Newham only provided temporary accommodation for Zineb Saafan and her three under-sixes after Focus E15 campaigners descended on the council’s housing offices yesterday.
Ms Saafan — who works as a cleaner on minimum wage at the council’s Stratford High Street offices — had to spend the night in Forest Gate police station after her private landlord’s two-week eviction notice ended.
The council would only offer her hotel accommodation two hours away in north London — ignoring her need to be near her job and her children’s school, she told the Star.
When Ms Saafan refused to leave the housing offices, the council called the police.
“They said you must find somewhere else to go or go to the police station,” she explained.
Together with her children aged six, three and one, Ms Saafan ended up on the floor of the police station, her luggage doubling as pillows and with coats for blankets.

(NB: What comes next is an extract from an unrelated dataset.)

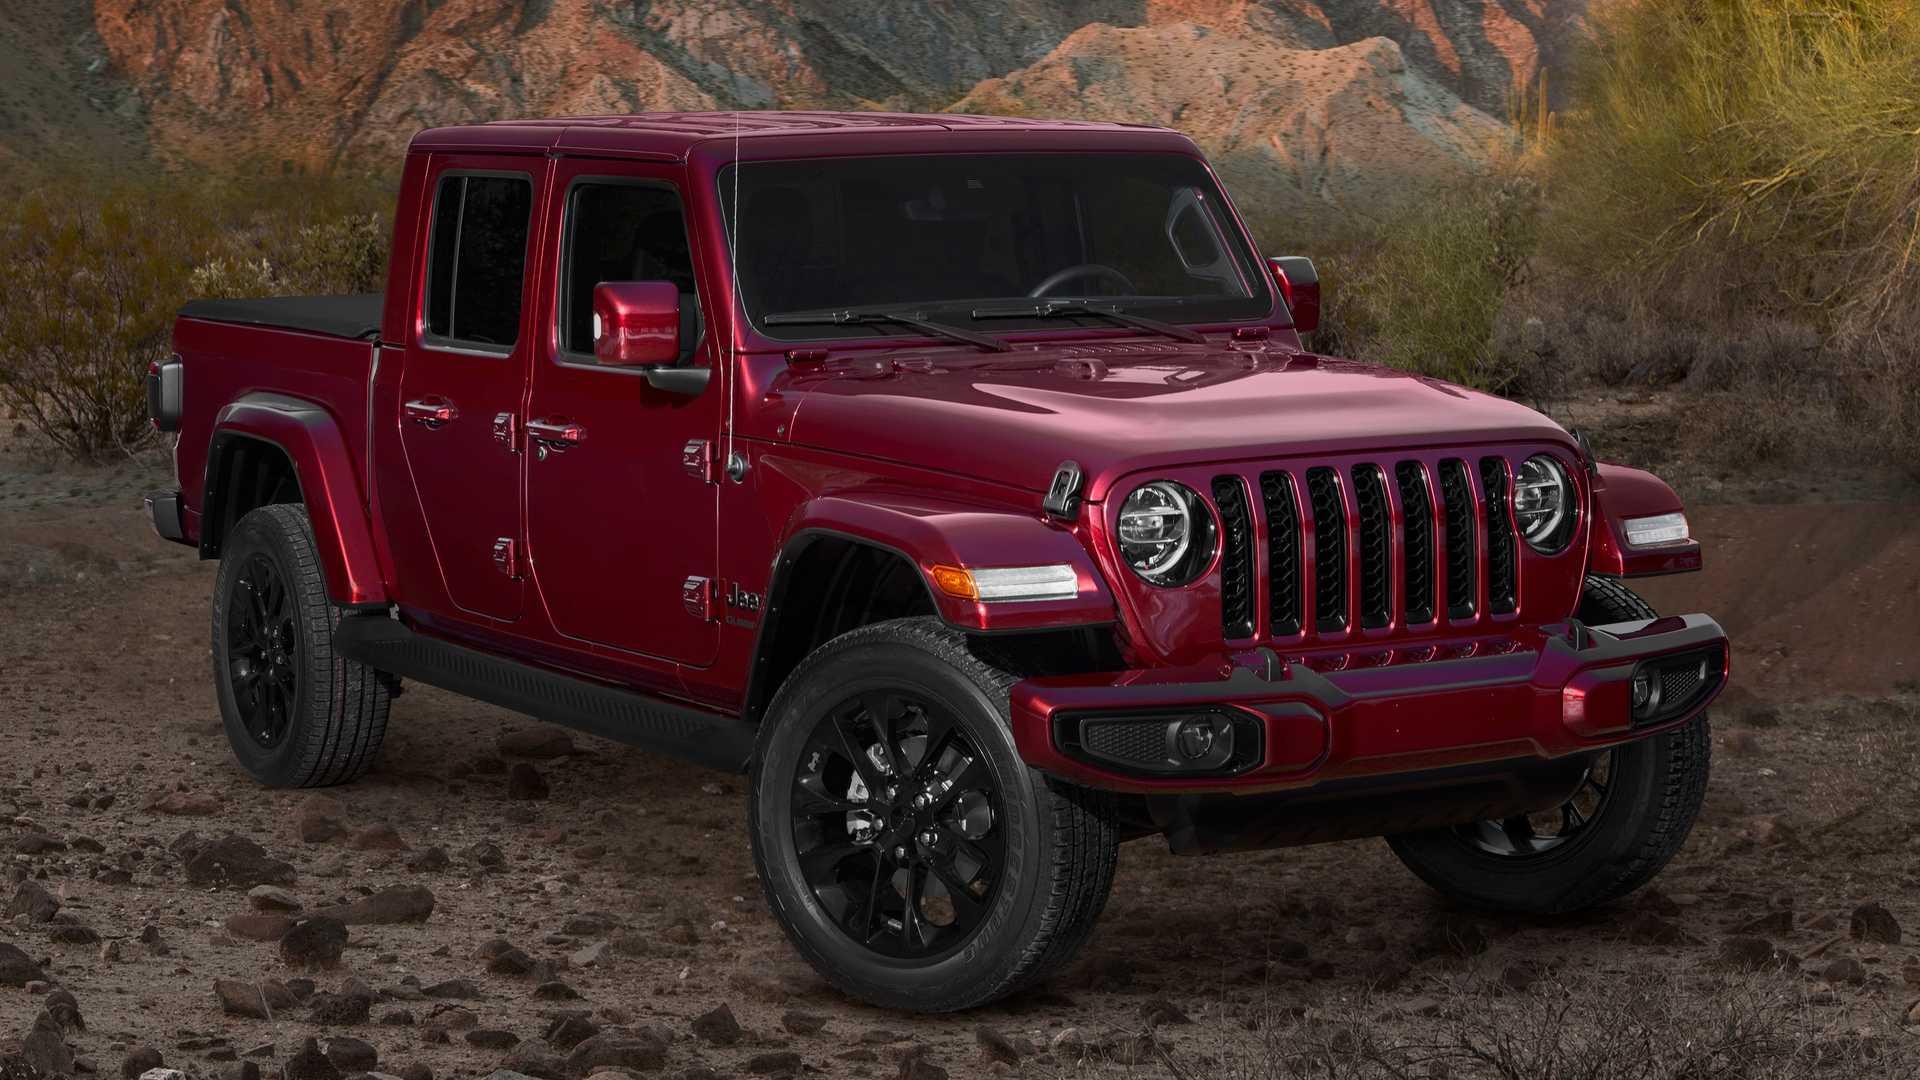 2020-jeep-gladiator-high-altitude-1

Ms Saafan said station staff refused her daughter access to the toilet and when she asked for water police told her she was “not in a hotel.”
The next morning she turned to the Focus E15 Mums for help.
Campaign spokeswoman Sarah Kwei said it was “astonishing” that the council could not house one of its own employees.
She said the housing situation in the borough was quickly deteriorating.
“The same situation happened to me, my mum and my little brother when I was a teenager — sleeping in a police station because they wanted to find us a place out of London.
“That was years ago and it’s only got worse.”
Another woman with a young son was reportedly also sleeping on the Forest Gate police station’s floor the night Ms Saafan stayed there.
Ms Kwei said: “She wasn’t even the only one, it’s really disgusting.”
“We have the Carpenter’s Estate just outside (Newham housing offices) Bridge House, which has hundreds of perfectly good council homes available.”
The Focus E15 campaign occupied one of the estate’s empty buildings to highlight the mismanagement of social housing in Newham.
Yesterday, campaigners met one of the first new residents on the estate, which Ms Kwei labelled a “massive victory” for the group.
But Ms Kwei warned: “There’s still hundreds of homes left empty there.
“We need to get the rest of Carpenters Estate back into public use.”
A Newham council spokeswoman said: “This family is not the only one in need of our assistance.
“We have a very limited supply of accommodation we can offer to those who need help.”